Is There Life for the G20 beyond the Global Financial Crisis? February 24, 2012 / Kati Suominen, Uri Dadush


As the crisis began spreading across the globe, the G20 helped avoid descent into a second Great Depression. It marshaled the large economies to coordinate their stimulus programs, assigned the IMF a large role in carrying out rescues, and helped avert egregious protectionism. On that alone, the institution’s balance sheet is positive, and at a minimum it will continue to provide insurance against the next financial crisis. Though it is hard to discern how many of these positive outcomes owe to the G20 and how much would have happened anyway, the group clearly demonstrated its usefulness in crisis. It has also shown glimpses of its longer-term potential – revising the roles and structures of major institutions and setting the global economic agenda. If it avoids the pitfalls of overpromise, overreach, and bureaucratization, and bridges advanced and emerging countries’ interests, it can establish confidence in the new world order and help build a viable economic architecture for the 21st century.

The G20 must first and foremost avert the temptation to be all things to all nations and instead keep its eye on the ball – the systemic global policy issues short- and long-term- that affect all nations and where major coordinated reforms are needed. Though global imbalances and currency tensions are rightly part of the discussion, the emphasis should be on highlighting and dealing with the domestic policy failures that are the real cause of the pattern rather than look for illusory solutions in new international monetary arrangements or for quick fixes from the mutual assessment process. Strengthening the world trading system will take much more than another pledge to conclude Doha: a reform of the WTO and its negotiations modalities. Much work also remains to be done to establish the broad common principles on financial regulation so as to avert arbitrage and work together when multinational banks start failing. These core issues must be set right before the agenda is broadened further.

Much will have to get done by each member, at home. While economic linkages have become global, economic fixes are local. Going forward, Europe and the United States must look deep within, much like emerging markets had to do in facing up to their crises (Suominen 2011).
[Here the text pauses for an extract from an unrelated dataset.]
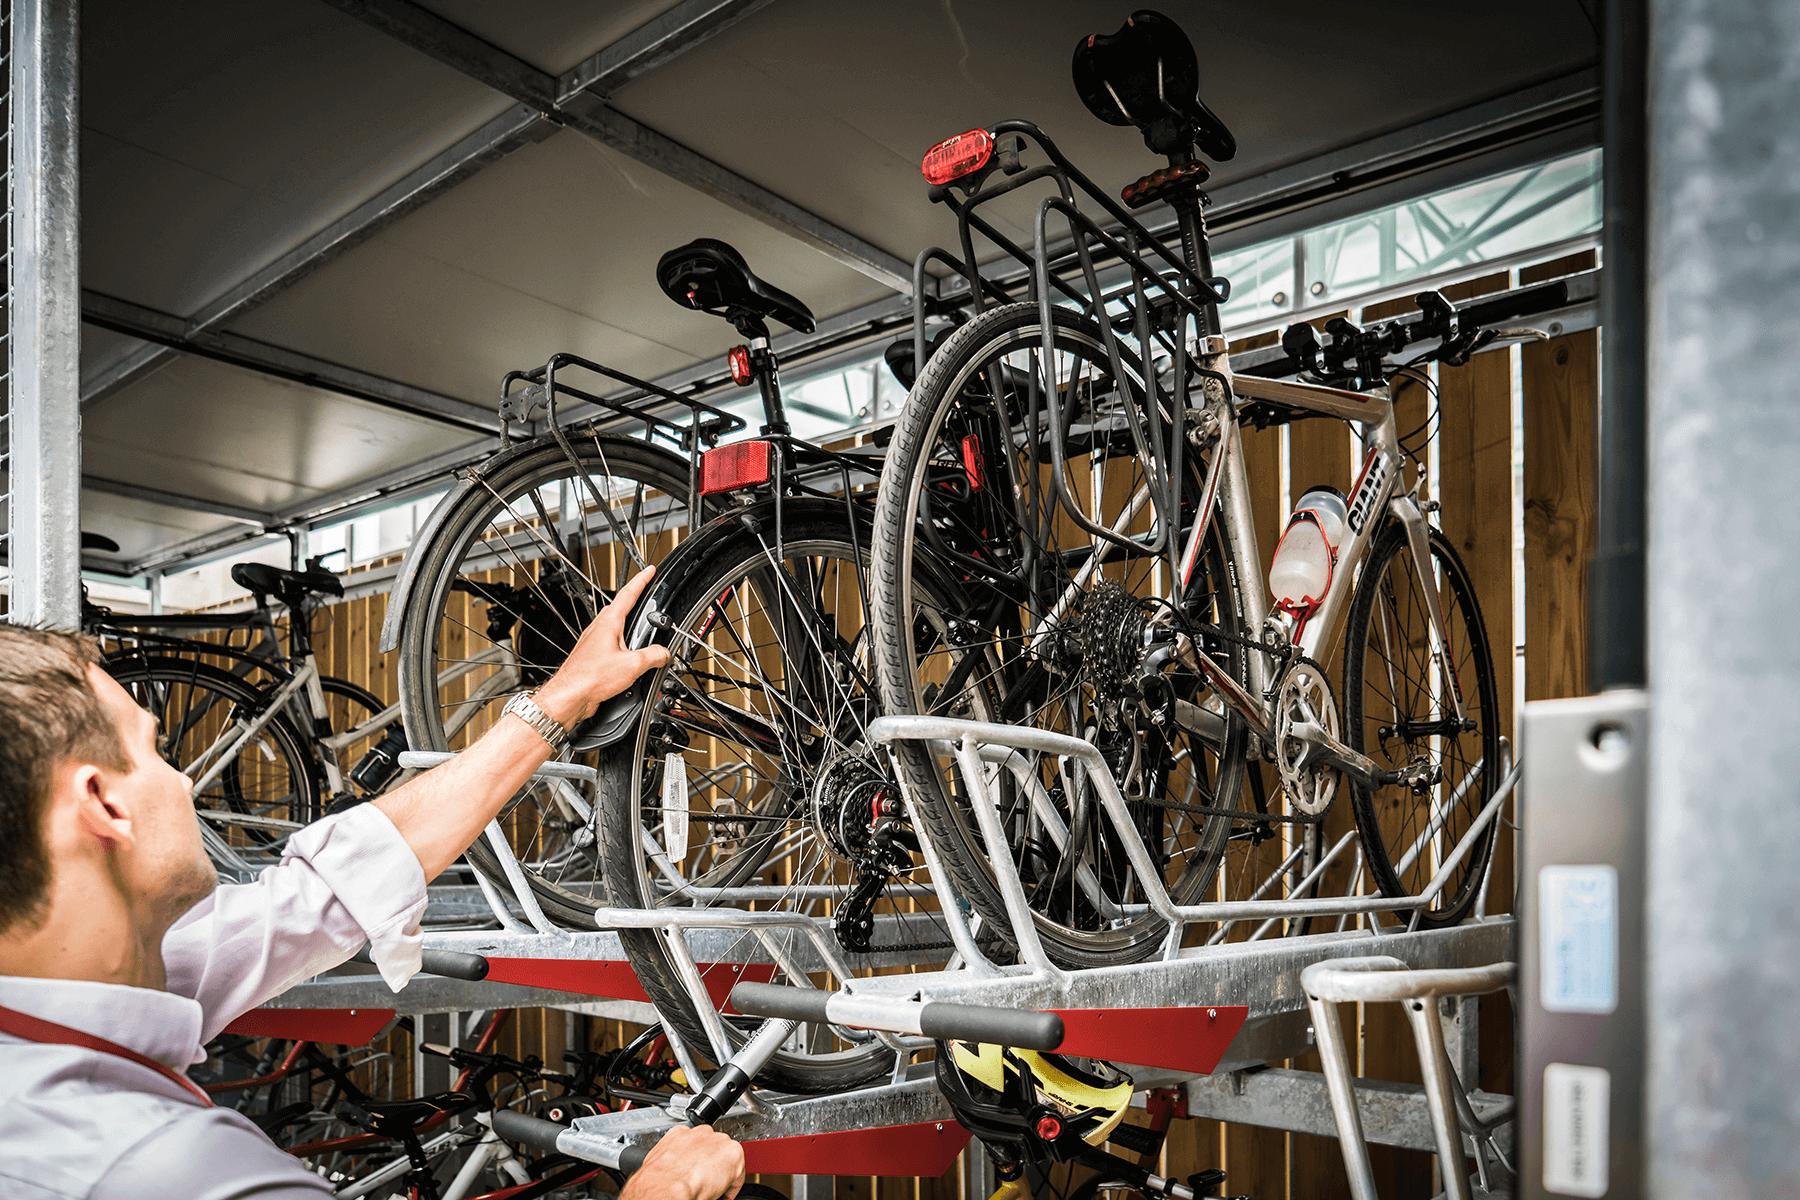 Gas-assisted Two Tier Bike Racks

The cost of the Eurozone’s common currency is greater fiscal integration and enforcement regime; the price for future economic dynamism is flexible labor markets and curtailed welfare  states. In America, the failure of the budget super committee to reach agreement only increased the urgency to free the world’s leading economy from its exploding debt load.

And yet, getting to growth in the interdependent modern world takes far more give-and-take. China, India, Brazil and other emerging market economies know that advanced nations’ recovery and global rebalancing are in their economic self-interest, but now must act on that understanding. By paving the way to growth, they would show the global leadership they seek – which, after all, is not about new seats in international institutions, but about stepping up to the plate at the world’s hour of need.

As it faces up to the global challenges, the G20 must avoid becoming a white elephant, the fate of all too many international endeavors. Repeated failures by the G20 to meet its commitments on rebalancing, the Doha Round, financial regulations, and other policy areas will quickly chip away at the group’s credibility and relegate it to irrelevance. The leaders should not underestimate such a prospect. The key factor between success and failure is leadership. Just like the G5 or G7, the G20 requires leadership for generating useful policy ideas and building support for action around them. And just like in the past, there are only a handful of members that can swing the big decisions. Of those, the United States is still by far the most important and the only plausible leader. And as in the past, it leads best by example and vigor of its economy. On that score, it now has a long way to go.